Although it is not well-documented, we do support chained attribute
names on the right-side of the expression [1]. Does that do what you are
describing here, or do we need to extend it to support a similar syntax
on the left side of the expression.

[1] http://git.openstack.org/cgit/openstack/oslo.policy/tree/oslo_policy/_checks.py#n288

[snip]

> So the question to oslo.policy maintainers is: whether all that is
> said above makes sense, and if so, whether we may now consider
> exposing those private symbols (+ maybe OrCheck, NotCheck, and other
> primitives that are logically bound to AndCheck) as part of public
> API. If community agrees with my analysis and justification for the
> change, I am happy to propose a patch that would do just that.

I think so, yes.

> PS: one more question to oslo.policy maintainers is whether consuming
> projects may rely on Enforcer.rules attribute being present, and
> following dict semantics, as it currently does.
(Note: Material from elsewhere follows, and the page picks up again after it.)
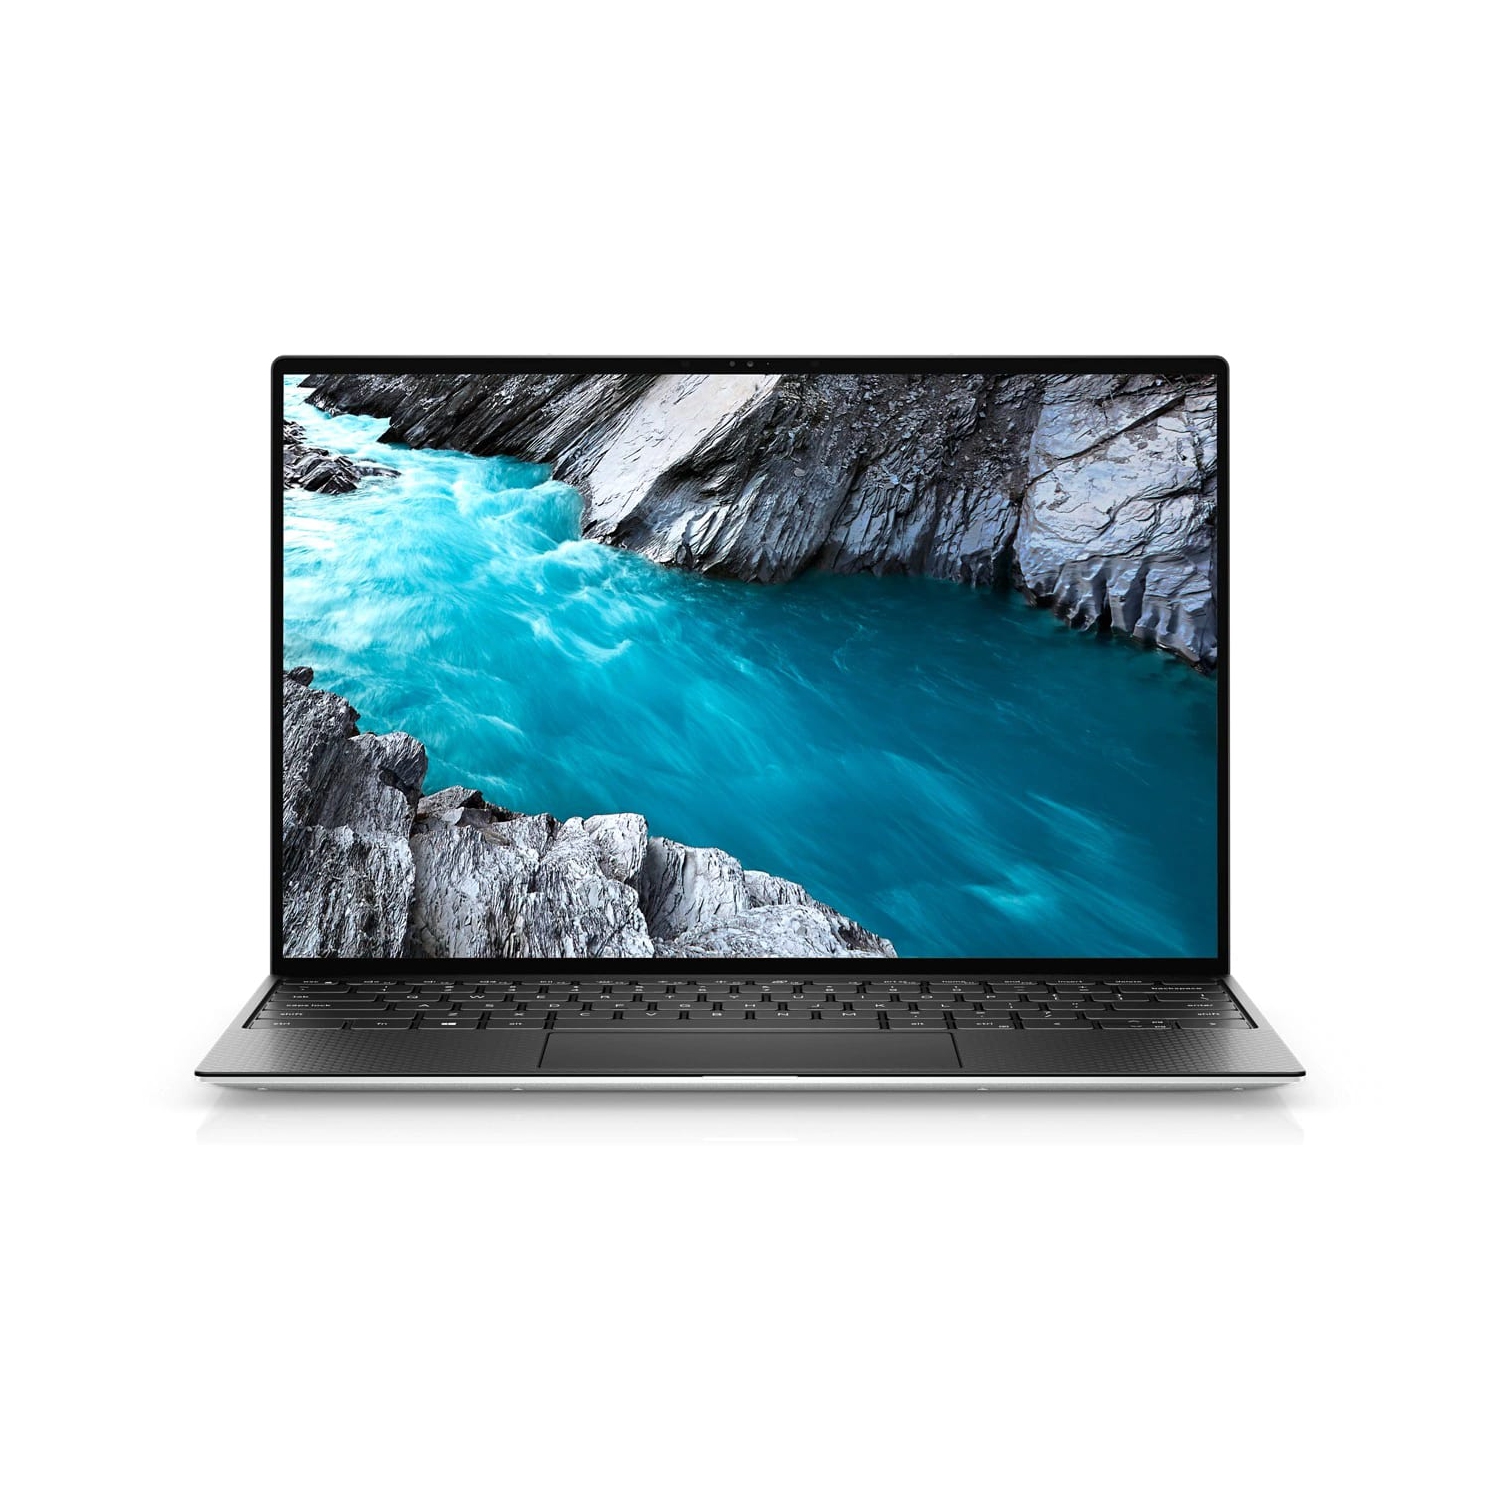 Refurbished (Excellent) - Dell XPS 13 9310 Laptop (2020) | 13.4" FHD+ | Core i5 - 1TB SSD - 8GB RAM | 4 Cores @ 4.2 GHz - 11th Gen CPU Certified Refurbished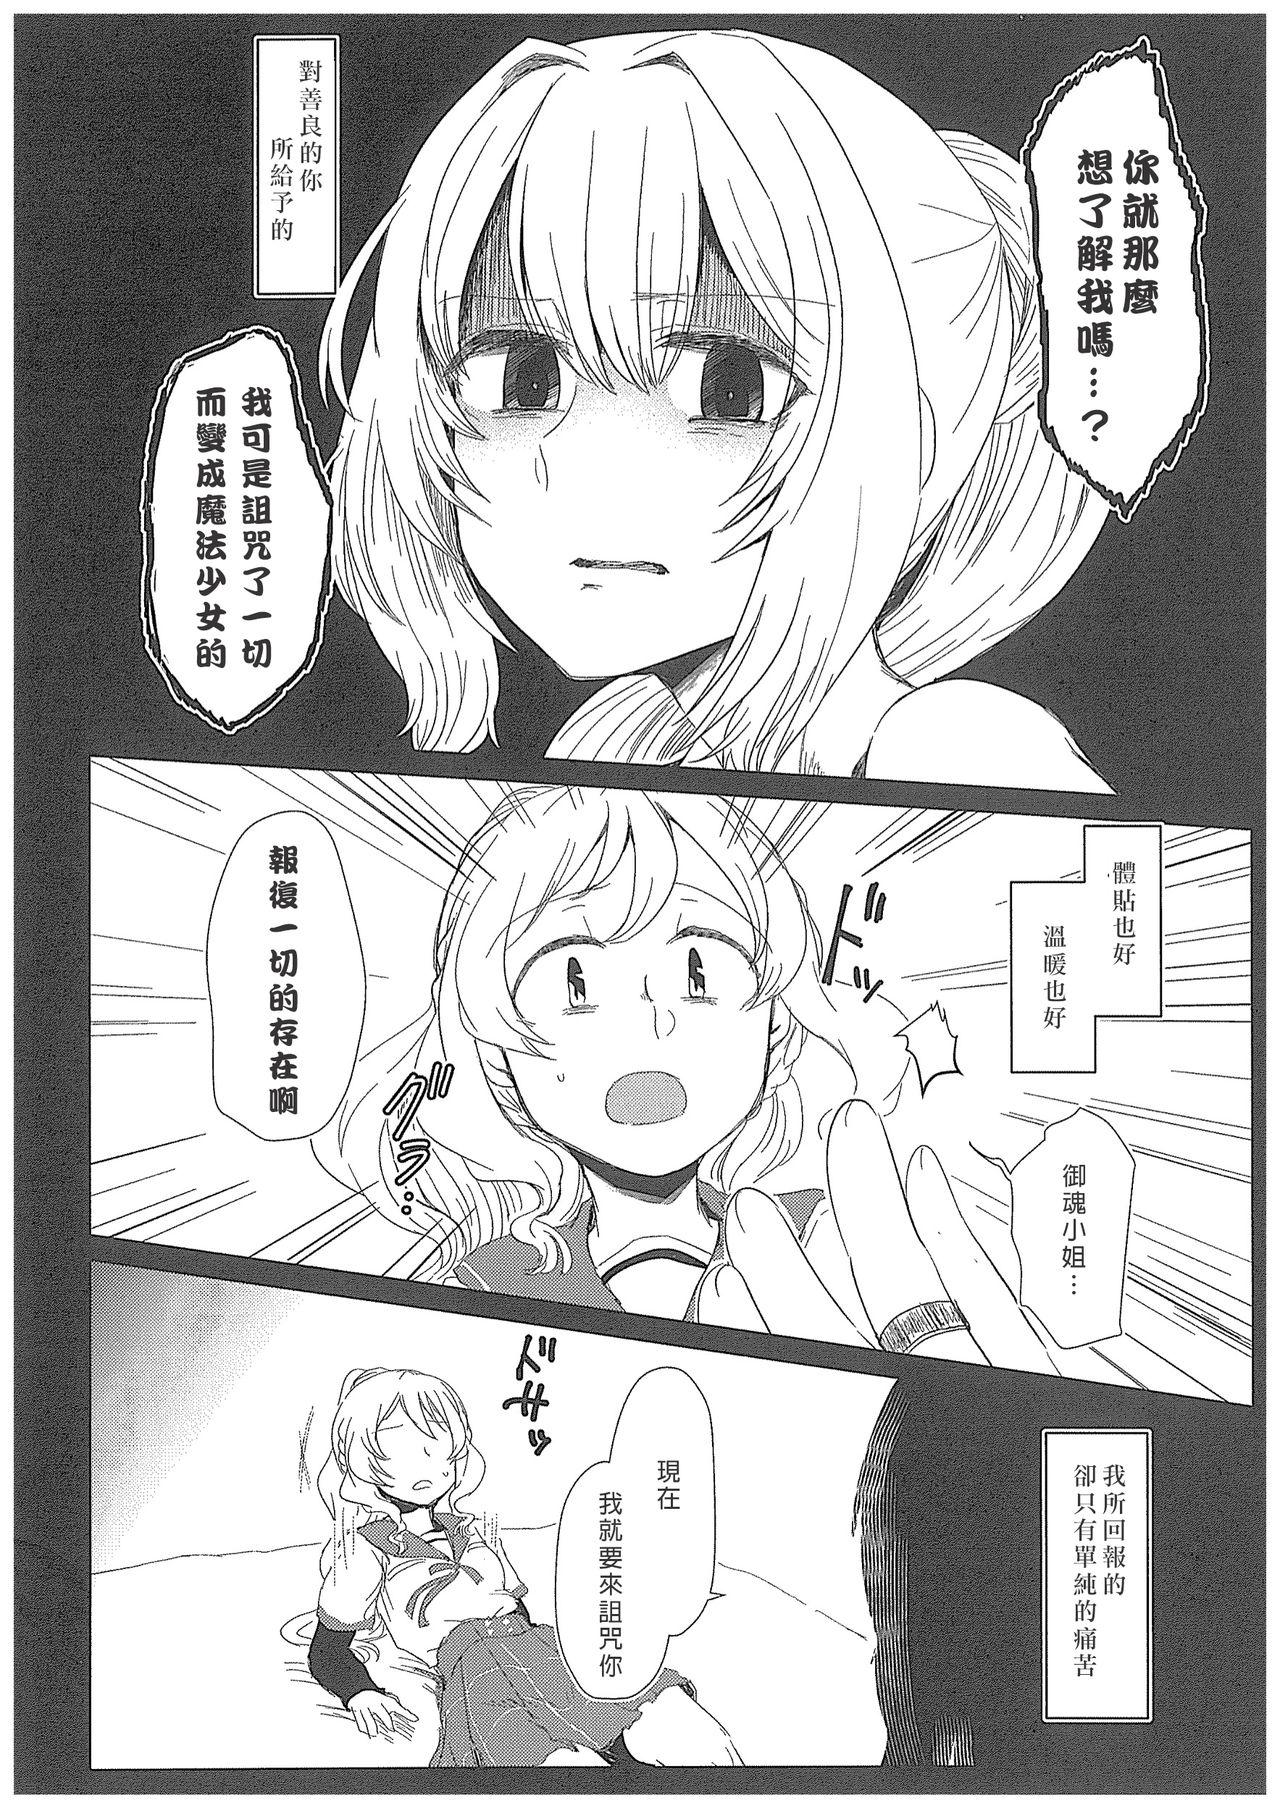 Busty From nothing,nothing comes|漢堡牛排不能無中生有 - Puella magi madoka magica side story magia record Ass Fucked - Page 11

Neutron and other
> projects (like Nova) relies on the attribute, while it's not really
> documented in official library documentation. We may need
> clarification on whether its usage is supported, and document it
> appropriately.

I think it's a really really bad idea for any project to be building
application-specific behavior on top of the policy engine. App-specific
*policies* make sense. But making the evaluation of policy rules
different across the applications largely defeats the purpose of
having a common language for expressing those rules in the first
place. Come contribute changes to oslo.policy if it doesn't do what
you need. Oslo was started to provide a place for otherwise disparate
teams to collaborate. We should do more of that.